Journal

Otherwise known as
Michael’s soapbox

2018-04-13T20:00:55+00:00 April 15, 2018|Labour Law|

Just Cause, Proving your Case and Marijuana

The employer bears the onus of proving just cause.  In other words, the employer must prove, on a balance of probabilities, that the employee engaged in misconduct and that this amounts to just cause for the imposition of some sort of discipline. 

Where the employer can’t prove the misconduct, it’s game over.  The recent case of Bombardier Transportation (Thunder Bay Plant) 2018 CanLII 25604 is a case in point.  Two employees were terminated for just cause for allegedly smoking marijuana in the workplace in contravention of the employer’s drug and alcohol policy.  The policy prohibited “employees and others on its premises ‘from being under the influence,  consuming,  using, possessing or trafficking drugs or alcohol . . . anywhere on the company premises.’  The policy also provided for drug testing in certain circumstances, including where a supervisor  “has reasonable grounds to believe ‘that an employee is or may be unable to work in a safe manner  because of the use of drugs and/or alcohol’. 

Of note is that the union did not challenge the policy.

According to the arbitrator:

The grievor tested positive for THC, an active component of marijuana.  He denies having smoked marijuana in the workplace and maintains that the positive test result is a consequence of his regular off-duty marijuana use to address various health issues. While neither party led informed evidence about the significance of the test results, both appear to accept that a positive result merely indicates the presence of THC in the system without necessarily identifying either present impairment or recent consumption.  [emphasis added]

The grievor and the other employee were terminated.  The union did not argue that the termination was discriminatory on the grounds of disability contrary to the Human Rights Code or the collective agreement.  The union’s position was that the grievor did not smoke marijuana in the workplace. 

The grievor initially indicated that he had been prescribed medical marijuana, which proved not to be accurate.  He was self-medicating at the time, though did obtain a prescription post-termination. 

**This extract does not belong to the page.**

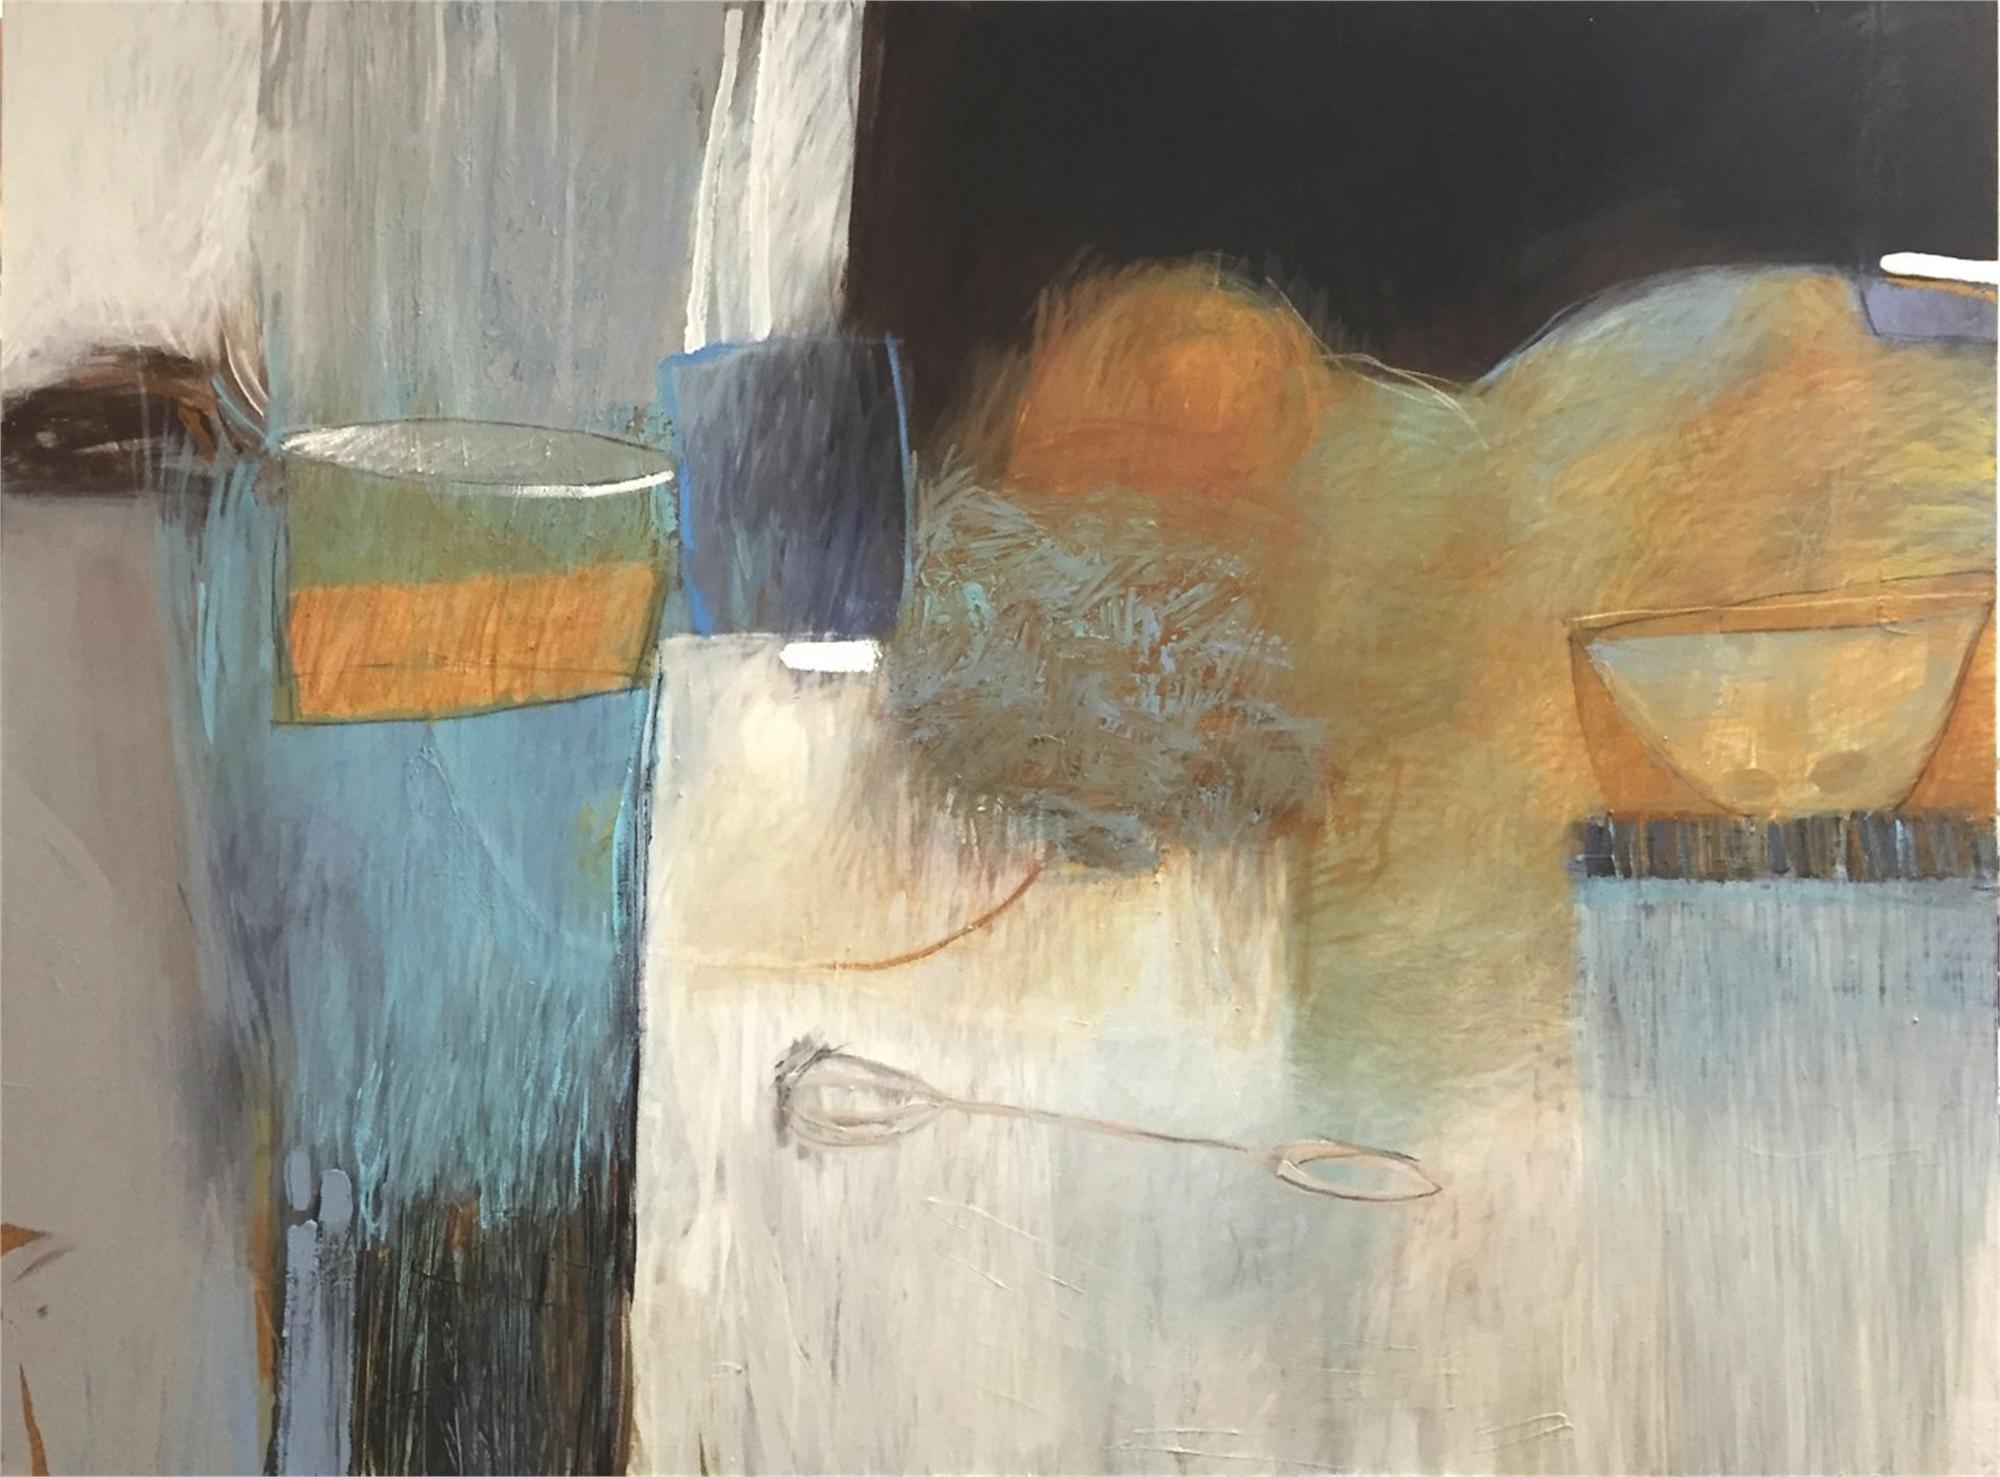 Untitled 162072 by Karen Roehl

Circumstantial evidence was led by the employer to prove the incident.  A meeting with the grievor and the other employee and the company called three (3) witnesses.  Two witnesses testified that there were no signs of impairment while one witness testified that the grievor’s “eyes appeared ‘glossy’ and that he seemed ‘jittery’ but added that many people would show signs of agitation in such a setting.”  Notwithstanding that, the company completed the form authorizing drug testing that there were signs of impairment.  The grievor denied smoking marijuana at work.

The arbitrator resolved the credibility issues as follows:

The grievor’s claims during the investigation were mendacious.  His testimony at the hearing was self-serving.  Mr. Stewart’s eye witness account was disinterested  and restrained, notwithstanding my misgivings about the ‘reasonable cause’ card. In all the circumstances I have concluded that Mr. Stewart’s observations are to be preferred  to the grievor’s where their accounts differ.  For reasons set out above they are more “in  accordance with  the preponderance of probabilities in the case,” to quote the well-known judgment of O’Halloran J.A. in Faryna v. Chorny, 1951 CanLII 252 (BC CA), [1952] 2 D.L.R. 354 (B.C.C.A.).

* * *

In my opinion Mr. Stewart’s eye-witness  account  does  not compel the conclusion that  the grievor was probably smoking marijuana. He was not seen smoking, exhaling or disposing of drugs or paraphernalia. Mr. Stewart detected the smell of marijuana smoke in the area and later in the Human Resources boardroom but  was unable to say that it emanated specifically from the grievor. Mr. Stewart was the only participant in the October 5 meeting to have detected the smell and he is also the only participant to have mentioned a sign of potential impairment,‘glossy eyes,’ which is equally consistent  with testimony from Company and Union witnesses that the grievor cried. The grievor’s anxiety and upset at the investigation meeting is consistent with fear that he would lose his job following an inevitably positive drug test and perhaps also with anger that he was being falsely accused. It is also consistent with the little we know of his medical history.

In all the circumstances, the Company  failed to demonstrate that it was more probable than not that the grievor smoked marijuana on its property.  The company could not prove the misconduct and, as such, the grievance was allowed, the grievor was reinstated  in his employment without loss of seniority and is to be made whole with respect to lost earnings (less mitigation earnings).